Например, дурачок Миша, которого приютил дед Митрофан, сделал своим подпаском. Говорит, что Миша будет хорошим бессменным деревенским пастухом на долгие годы... Конечно. Лет за двадцать Миша научится не плутать в пяти пастбищах, и будет пастухом, ведь на большее его не хватит. Да и то надо будет ему подпасков, чтобы за ним приглядывали, а не то он всех коров растеряет, один-то.
 
Или вот, Сёмочка. Самый нищий в деревне. Мать его запилась, отец ещё жив. Пока родители держали огород, ещё ничего жили. А как мать умерла, отец запил по-чёрному, запустил и без того маленькое хозяйство. Единственную козу они съели зимой, когда у неё кончилось сено. И Сёмочка мог бы уже взять свою жизнь под узцы, мог бы сам начать огород садить. Соседи бы помогли на первых порах, но нет в его голове понимания, что человек должен трудиться. Он ходит по деревне, просит есть. Его жалеют, кормят, одевают кое как. Но когда просят помочь, не безвозмездно, он округляет глаза: "Это вы должны работать, это ваш дом, ваш двор". Много раз ему пытались объяснить, что у него тоже мог бы быть дом и двор, но Сёмочка неизменно отвечал: "В город надо ехать. Вот сил наберусь и пешком пойду. В городе всё есть — еда, деньги, дома большие... А тут что? — и презрительно кривился, —Деревня..." Кто ему в городе денег даст просто так, непонятно.
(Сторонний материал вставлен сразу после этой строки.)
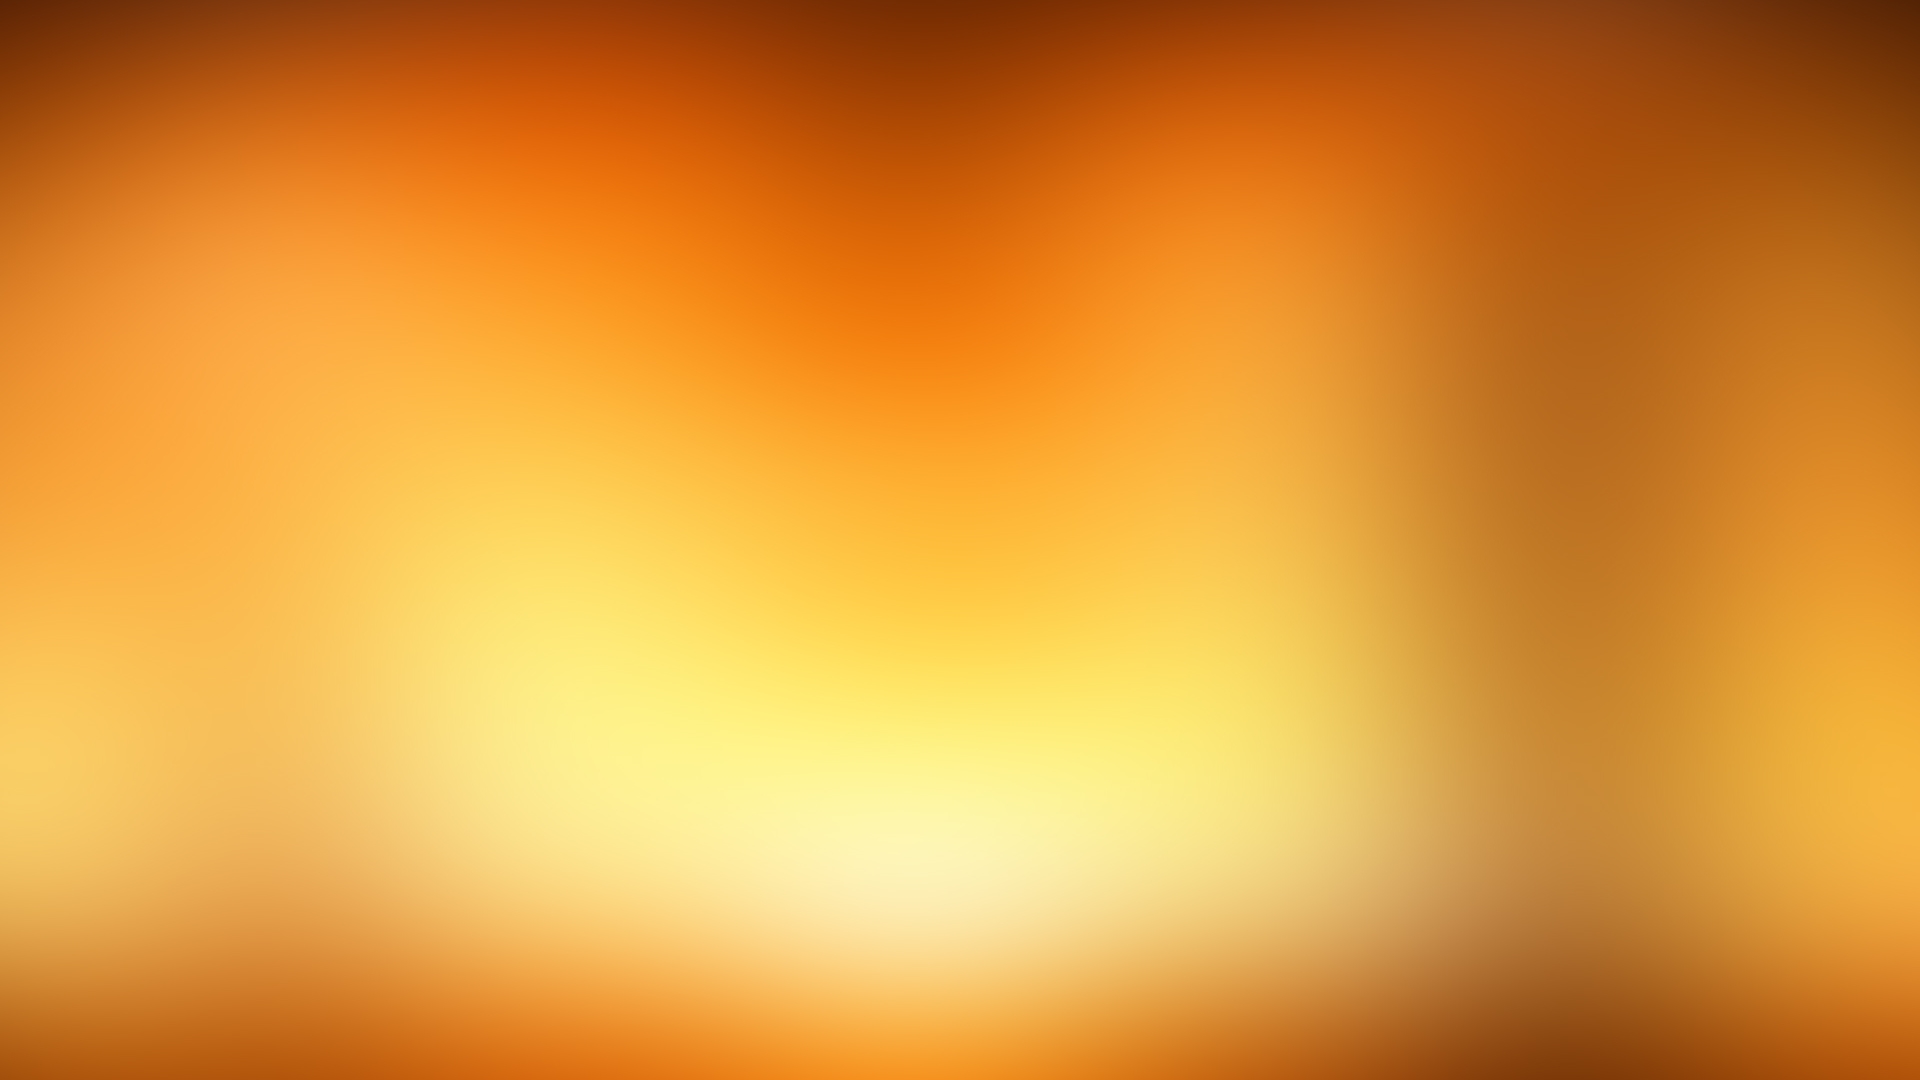 warm gradient wallpaper 7401 7687 hd wallpapers The Criterion 1920x1080
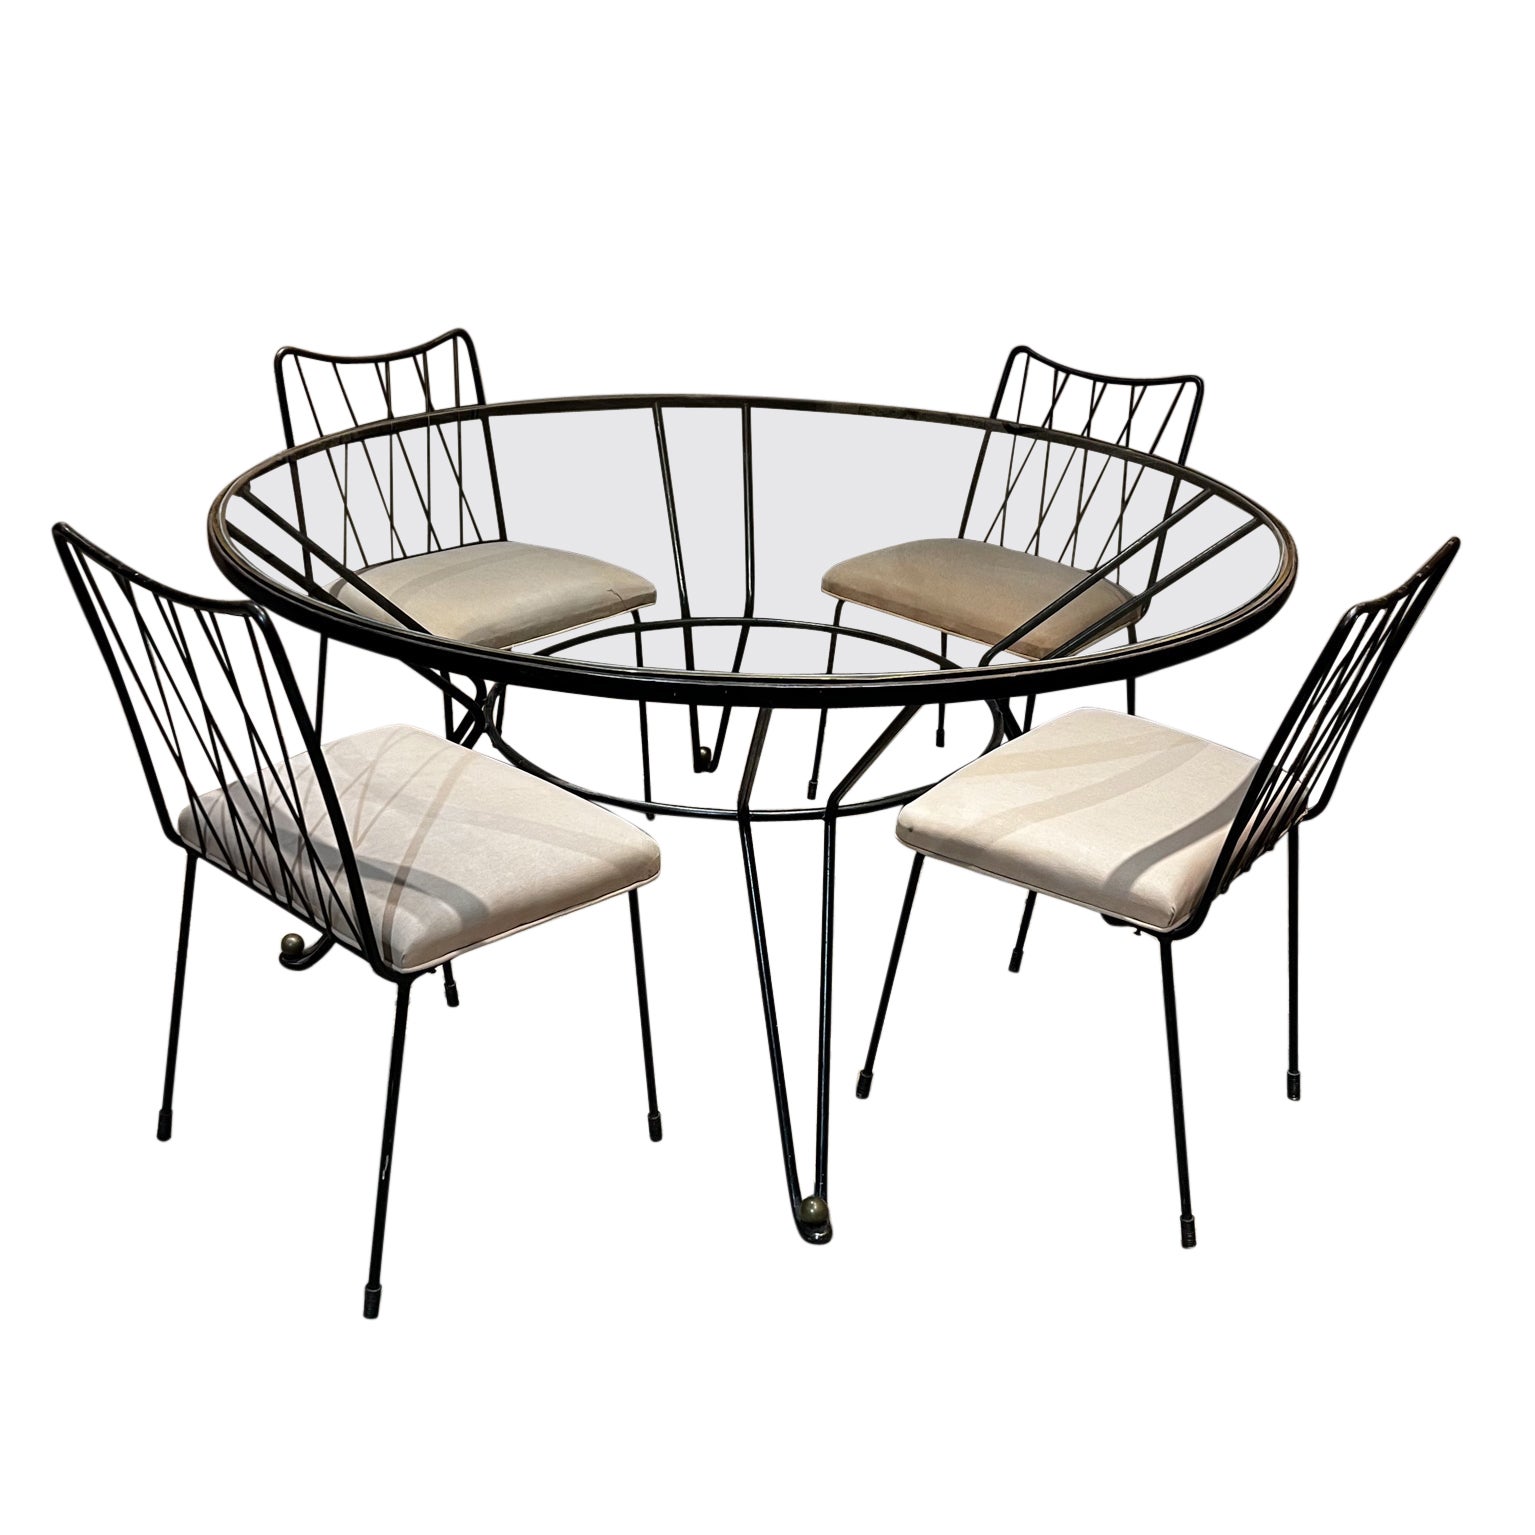 1950s French Inspired Bronze Iron Dining Table Set Six Chairs Arturo Pani  For Sale

Или вот ещё, Костик. Он старше Любы на два года, но очень заносчивый. Единственный ребёнок в семье, где шесть бабушек, три дедушки и родители. Его закормили с пелёнок, вырастили ябедой и плаксой, и эти качества с возрастом не пропали, а стали только хуже, плюс обросли надменной завистью и злостью. После школы его отправили в город, накупив хороших вещей. Поступить он никуда не смог, решили учить платно. Однако Костик вернулся через три месяца после начала учёбы, в слезах и синяках — его невзлюбили в общаге. Родители сняли ему квартиру и вернули в город, но ещё через четыре месяца он с позором был возвращён домой, с требованием отмыть тот свинарник, что он устроил в съёмном жилье. Ни разу парень не помыл ни пол, ни посуду. Выбрасывал мусор в окно и вытворял прочие дикости. В итоге его семья потеряла много денег, нервов, а образование их сыночек так и не получил. Зато обрёл привычку хвастаться, что в городе он был уважаемым человеком, крутил романы с городскими красавицами и деревенщиной его теперь не удивишь. Он растолстел, страдал одышкой, а потому по дому ничем не занимался — гулял и спал, а всё остальное ему было в тягость.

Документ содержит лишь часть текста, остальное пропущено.